University of Edinburgh, September 22 - December 1, 2022

John Baez

Seminar on This Week's Finds

I wrote 300 issues of a colum called This Week's Finds, where I explained math and physics. This fall I'm running a seminar on selected topics from this column. For information on how to attend, go here.

Here you'll find lecture notes and videos. I'll keep updating and improving these notes.

Young diagrams and classical groups

Young diagrams are combinatorial structures that show up in a myriad of applications. Among other things, they can be used to classify conjugacy classes in the symmetric groups \(S_n\), irreducible representations of \(S_n\), and irreducible representations of the classical groups \(\mathrm{GL}(n)\), \(\mathrm{SL}(n)\), \(\mathrm{U}(n)\) and \(\mathrm{SU}(n)\).

Dynkin diagrams

Coxeter and Dynkin diagrams classify a wide variety of structures, most notably Coxeter groups, lattices having such groups as symmetries, and simple Lie algebras. The simply laced Dynkin diagrams also classify the Platonic solids and quivers with finitely many indecomposable representations.
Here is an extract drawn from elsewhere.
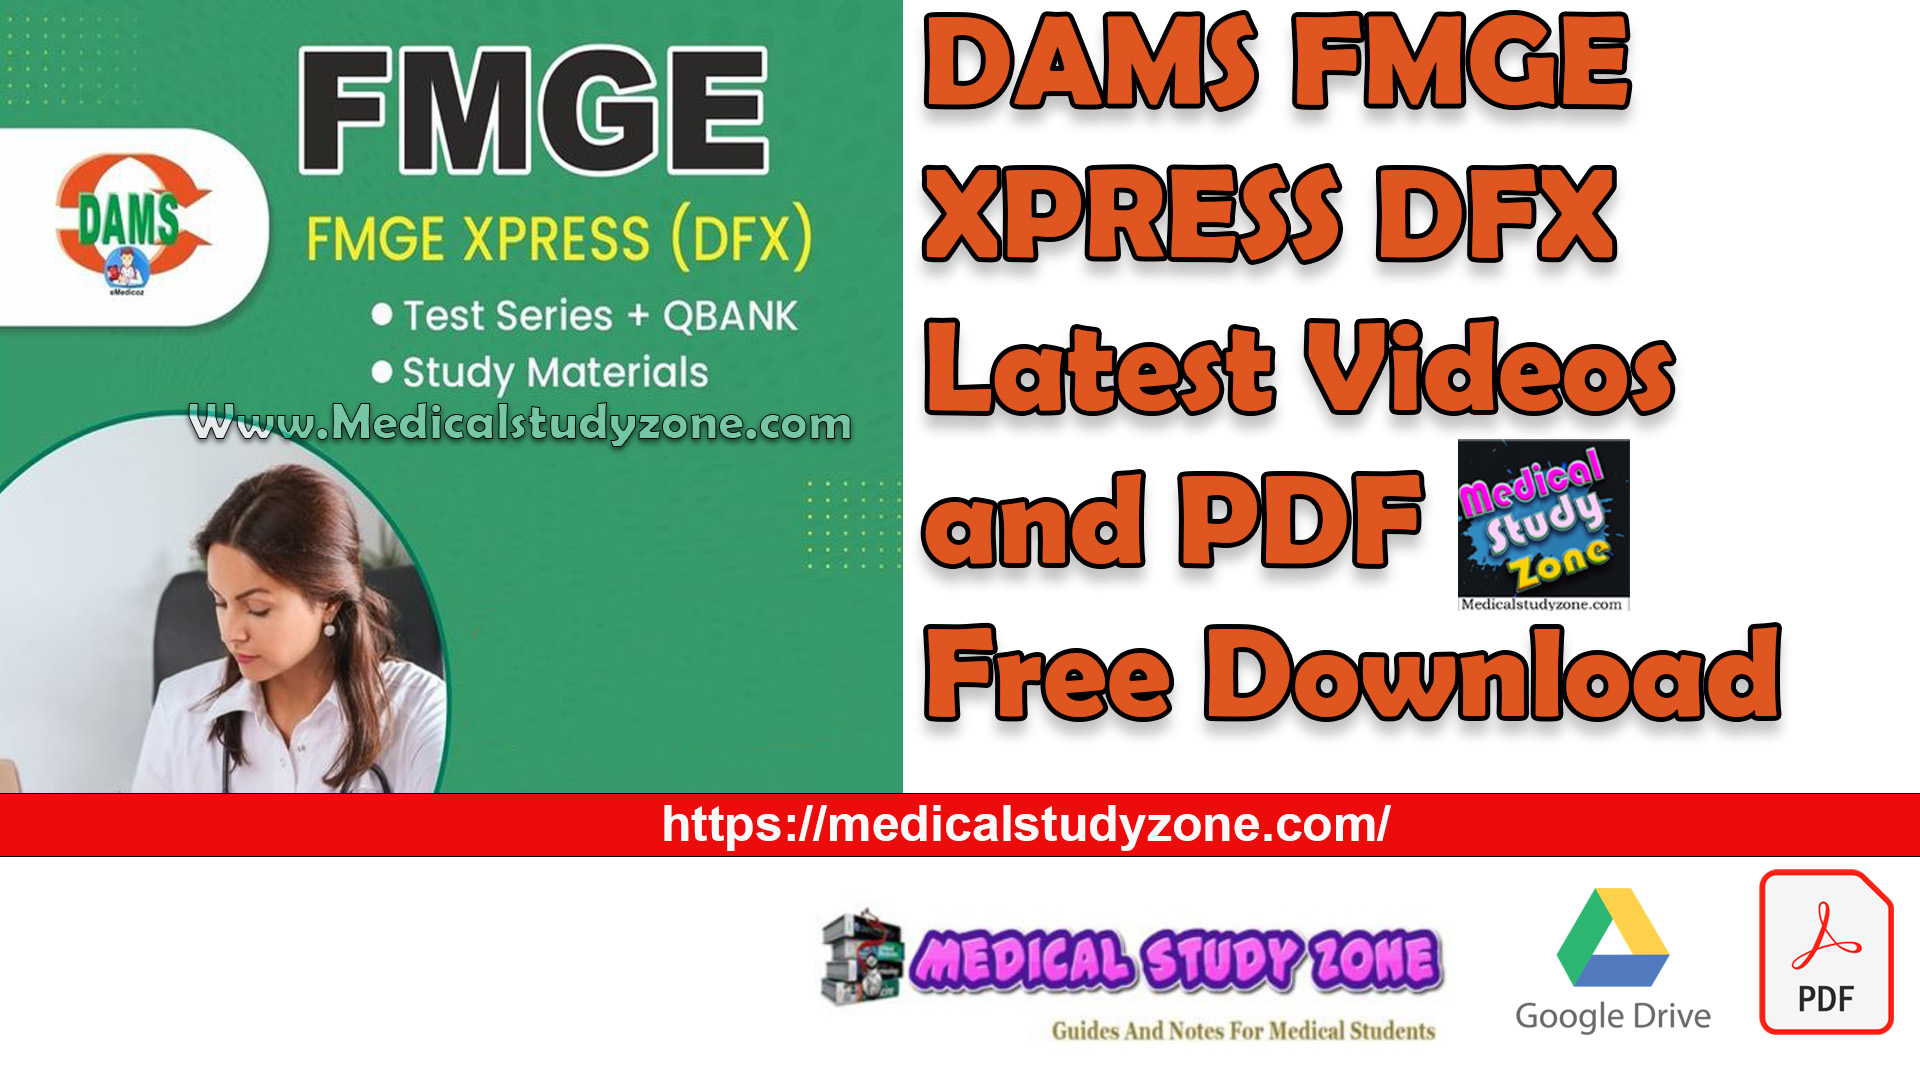 DAMS FMGE XPRESS DFX 2023 Videos and PDF Free Download

This tour of Coxeter and Dynkin diagrams will focus on the connections between these structures.

q-mathematics

A surprisingly large portion of mathematics generalizes to something called \(q\)-mathematics, involving a parameter \(q\). For example, there is a subject called \(q\)-calculus that reduces to ordinary calculus at \(q = 1\). There are important applications of \(q\)-mathematics to the theory of quantum groups and also to algebraic geometry over \(\mathbb{F}_q\), the finite field with \(q\) elements. These seminars will give an overview of \(q\)-mathematics and its applications.
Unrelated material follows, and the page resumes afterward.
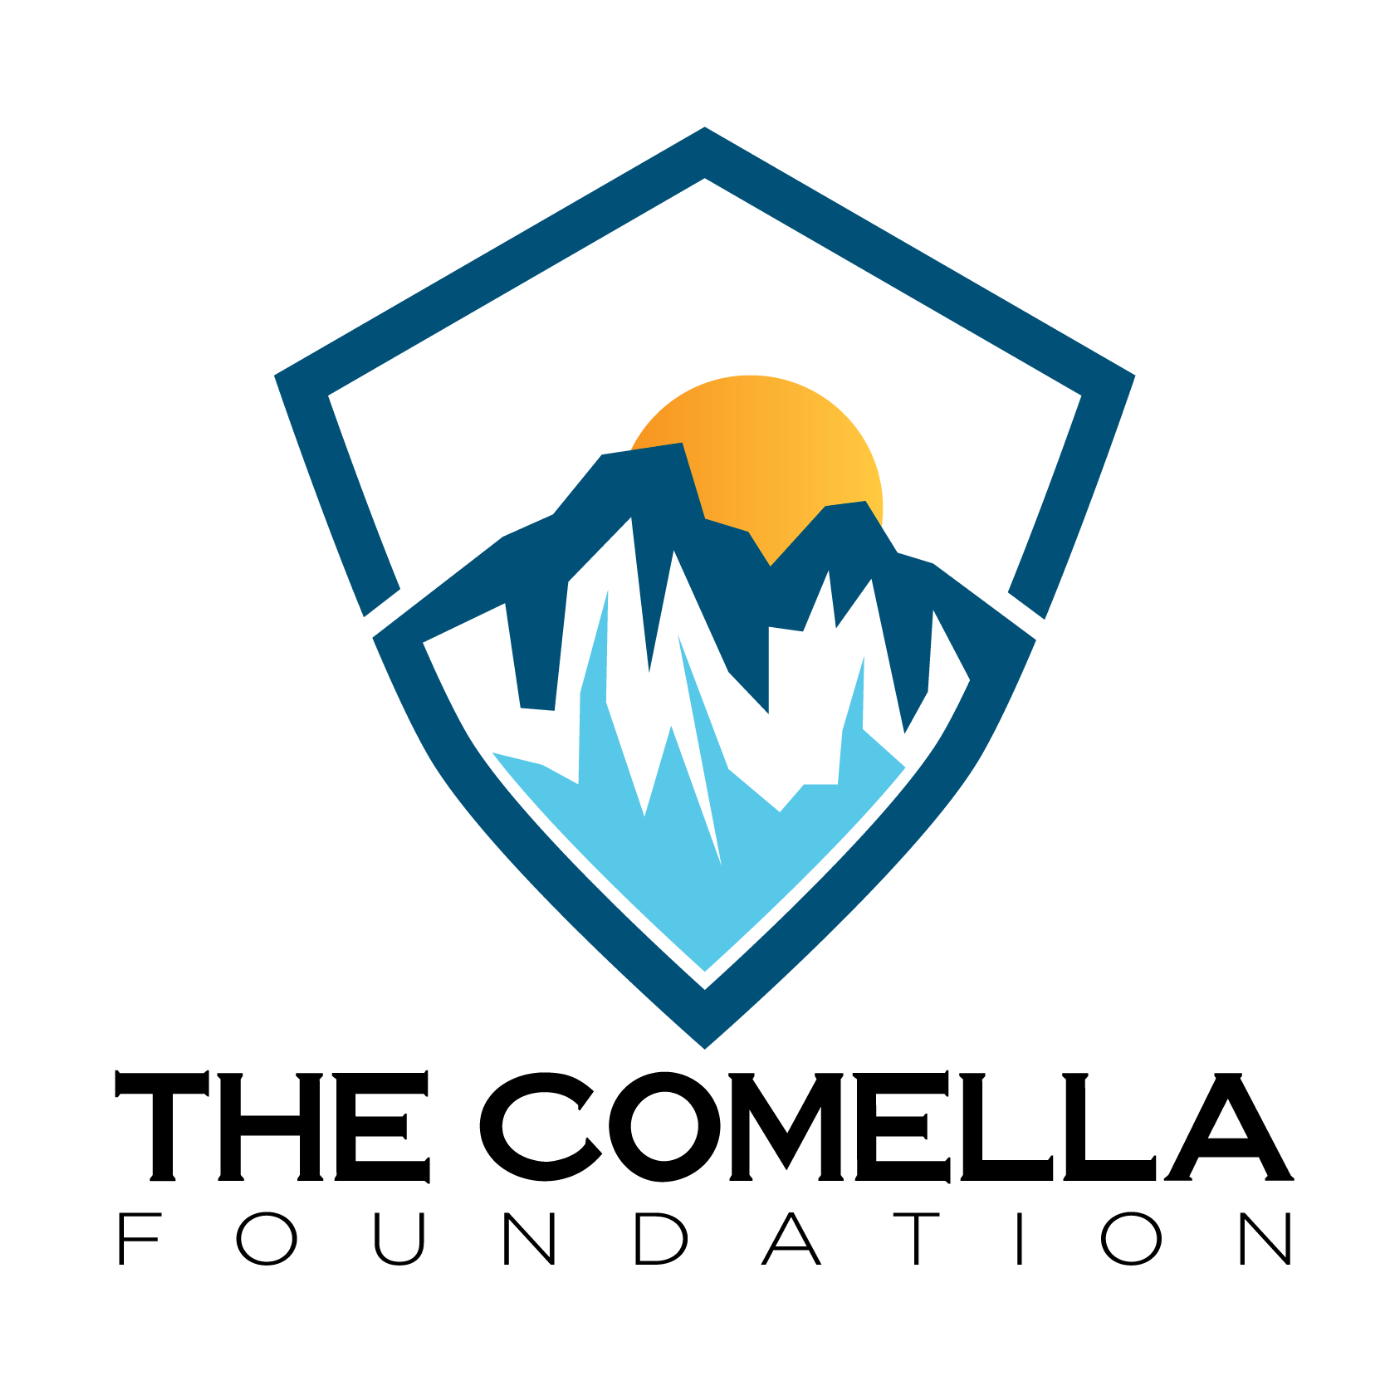 The Comella Foundation

The three-strand braid group

The three-strand braid group has striking connections to the trefoil knot, rational tangles, the modular group \(\mathrm{PSL}(2, \mathbb{Z})\), and modular forms. This group is also the simplest of the Artin–Brieskorn groups, a class of groups which map surjectively to the Coxeter groups. The three-strand braid group will be used as the starting point for a tour of these topics.

Clifford algebras and Bott periodicity

The Clifford algebra \(\mathrm{Cl}_n\) is the associative real algebra freely generated by \(n\) anticommuting elements that square to -1. I will explain their role in geometry and superstring theory, and the origin of Bott periodicity in topology in facts about Clifford algebras.
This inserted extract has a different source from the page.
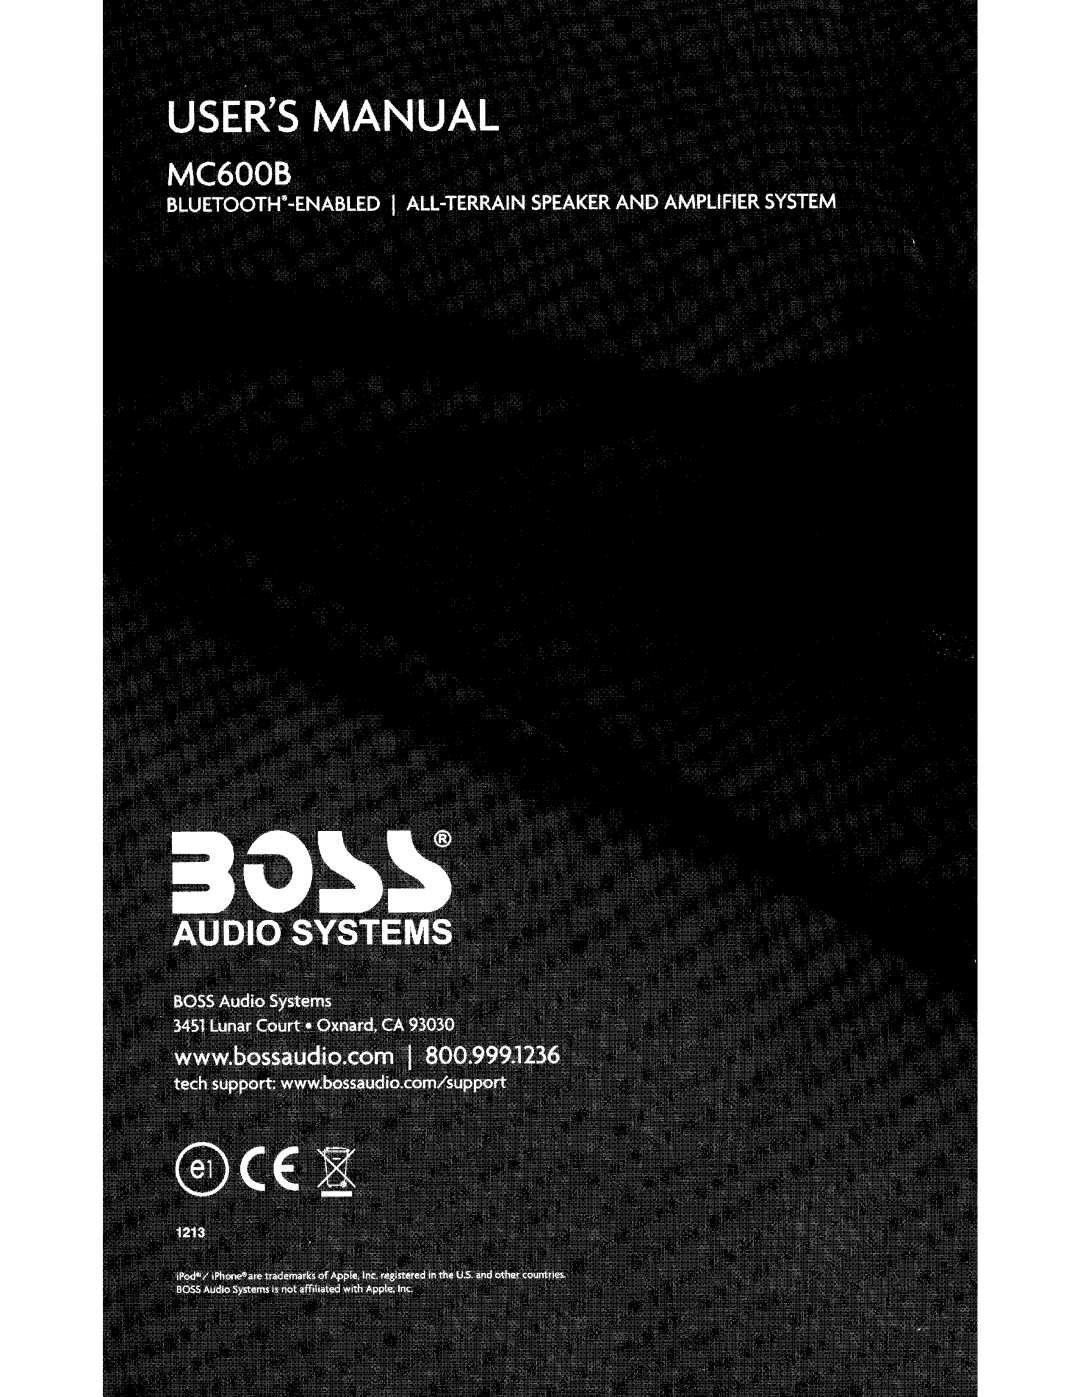 Boss Audio Systems MC600B user manual

The threefold and tenfold way

Irreducible real group representations come in three kinds, a fact arising from the three associative normed real division algebras: the real numbers, complex numbers and quaternions. Dyson called this the threefold way. When we generalize to superalgebras this becomes part of a larger classification, the tenfold way. We will examine these topics and their applications to representation theory, geometry and physics.

Exceptional algebras

Besides the three associative normed division algebras over the real numbers, there is a fourth one that is nonassociative: the octonions. They arise naturally from the fact that Spin(8) has three irreducible 8-dimensional representations. We will explain the octonions and sketch how the exceptional Lie algebras and the exceptional Jordan algebra can be constructed using octonions.